The cascades in which mitogen-activated protein kinases (MAPKs) play a part can have radically different outcomes, making promiscuity among MAPKs dangerous to the cell. Yet each pathway comprises closely related components. How do MAPKs remain faithful to their pathways? In the 1 February issue of EMBO Journal, Takuji Tanoue and colleagues explain one mechanism. Remarkably, this relies on the identity of just two amino acids.

We know of three types of MAPKs, each with their own cascade. The extracellular-signal regulated kinases ( ERKs) are activated by growth factors, generally leading to proliferation, whereas p38s and Jun-N-terminal kinases ( JNKs) are activated by stress signals, usually causing cell-cycle arrest or apoptosis. Each MAPK has to interact with the kinases that activate it ( MAPKKs), the phosphatases that inactivate it ( MKPs) and its substrates, which are also kinases ( MAPKAPKs). A single acidic site outside the active site — the common docking or CD site — interacts with all these molecules, but it doesn't explain the different binding specificities of the MAPKs. Could there be another site that regulates specificity?

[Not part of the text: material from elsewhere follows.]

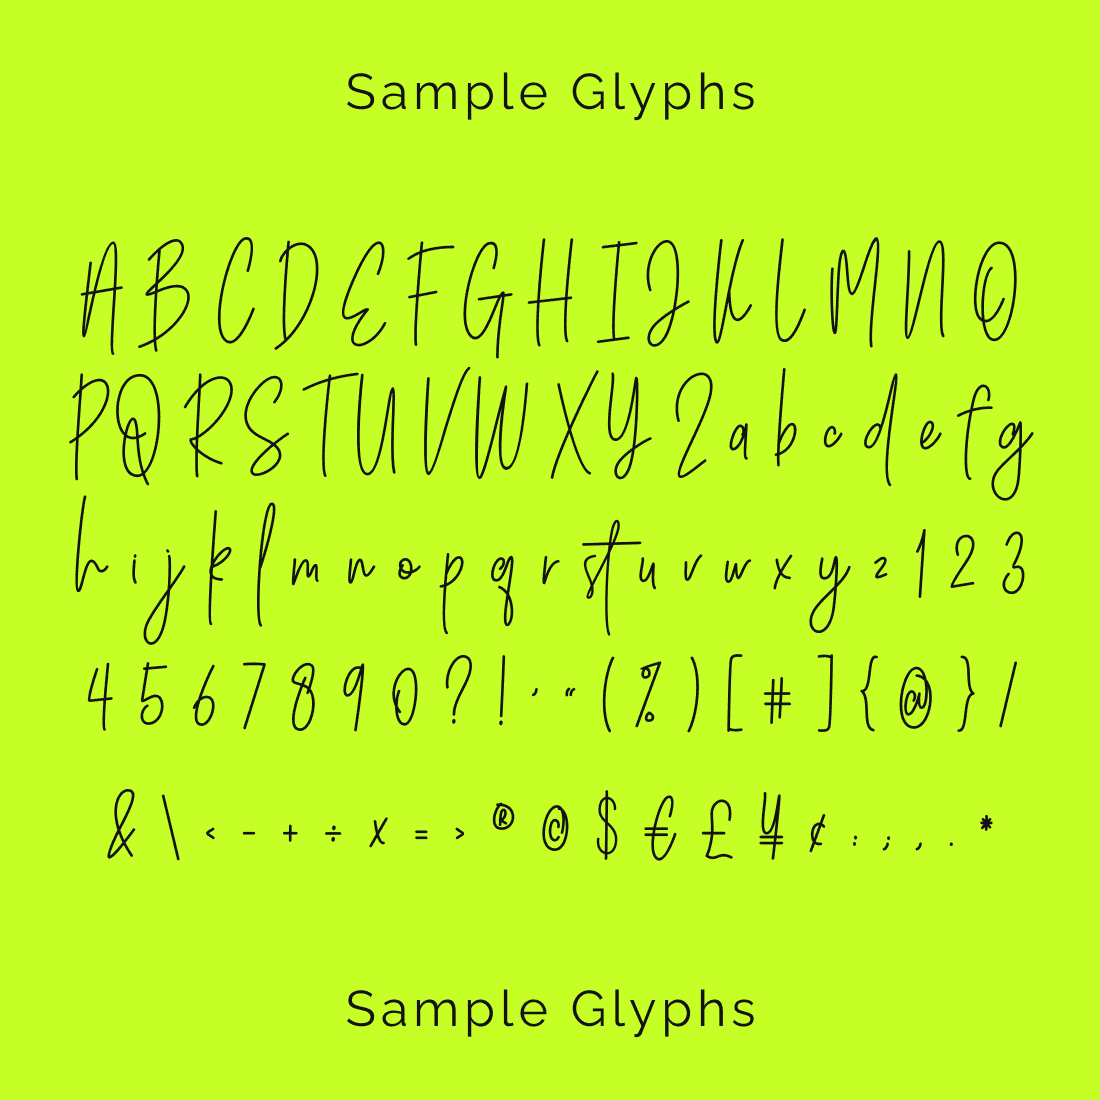 Patrick Cleo Free Font sample glyphs preview.

Mutation of the CD in p38 reduced, but didn't completely prevent, binding of the p38-specific MAPKAPK 3pk, implying that another docking site exists. By searching for charged residues and systematically mutating them, the authors identified a pair of residues on p38, Glu 160 and Asp 161, that account for this residual binding. Mutation of the CD site and this second site, which they dubbed the ED site, markedly reduced the ability of p38 to phosphorylate 3pk.

The corresponding residues in ERK2 are two threonine residues. Mutation of these to Glu and Asp enabled ERK2 to bind 3pk, and mutation of ERK2's CD site to make it identical to p38's improved the interaction further. Extending these studies to other MAPKAPKs and MKPs revealed that, although the CD is necessary for binding, the nature of the ED regulates specificity. Together, the two sites form a groove with two pins in it. Only if it can interact with both pins can a MAPK-interacting protein do its business.